2026-05-07 23:00:04 +01:00
1 changed files with 223 additions and 0 deletions
@@ -0,0 +1,223 @@
+# P6-03 — Repo size trend graphs
+
+Sparkline on the dashboard host row + full chart on the host repo
+page, both showing repo growth over time. Closes the last
+operator-visibility gap in Phase 6 alongside Prometheus metrics
+(P6-04).
+
+## Goals
+
+- Operators can see at a glance whether a host's repo is growing,
+  stable, or shrinking, without leaving the dashboard.
+- A second screen on the repo page exposes the same data over a
+  longer window with a snapshot-count overlay so retention
+  behaviour can be eyeballed against size.
+- Zero new client-side dependencies; matches the existing
+  HTMX + server-rendered idiom used everywhere else in the UI.
+
+## Non-goals
+
+- No backfill of historical data.
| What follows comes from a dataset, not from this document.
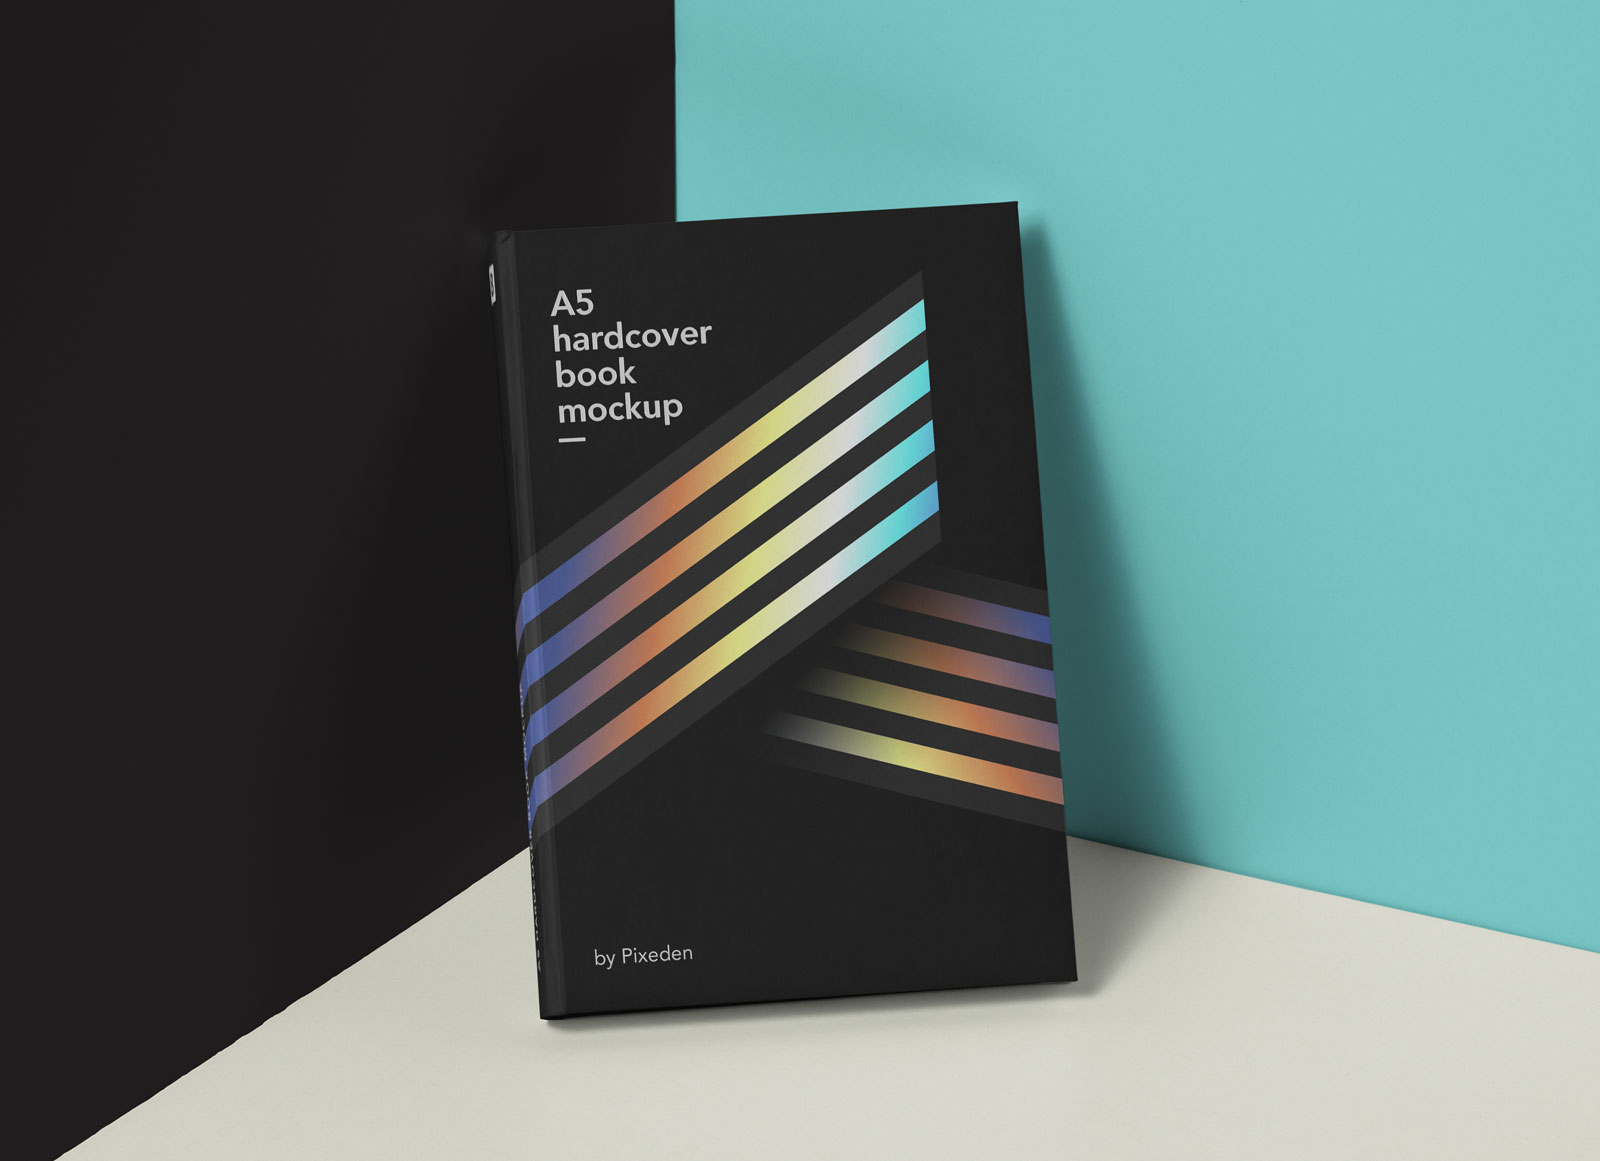 A5-Hardcover-Book-Mockup-PSD

Trend lights up with whatever
+  the agents report from the day this ships.
+- No per-source-group breakdown — repo-level only.
+- No alerting on growth rate (dedicated to a future ticket if a
+  user asks).
+- No JSON API surface. Prometheus exposure is P6-04, separate.
+
+## Decisions taken in brainstorming
+
+- **Metrics:** `total_size_bytes` (sparkline + chart) and
+  `snapshot_count` (chart only). Raw size dropped as redundant.
+- **Cadence:** one row per `(host_id, UTC date)`, last-write-wins
+  per column. Bounded at ~365 rows/host/year regardless of job
+  frequency.
+- **Backfill:** none. Pure forward-fill from launch day.
+- **Rendering:** server-rendered inline SVG, no JS library.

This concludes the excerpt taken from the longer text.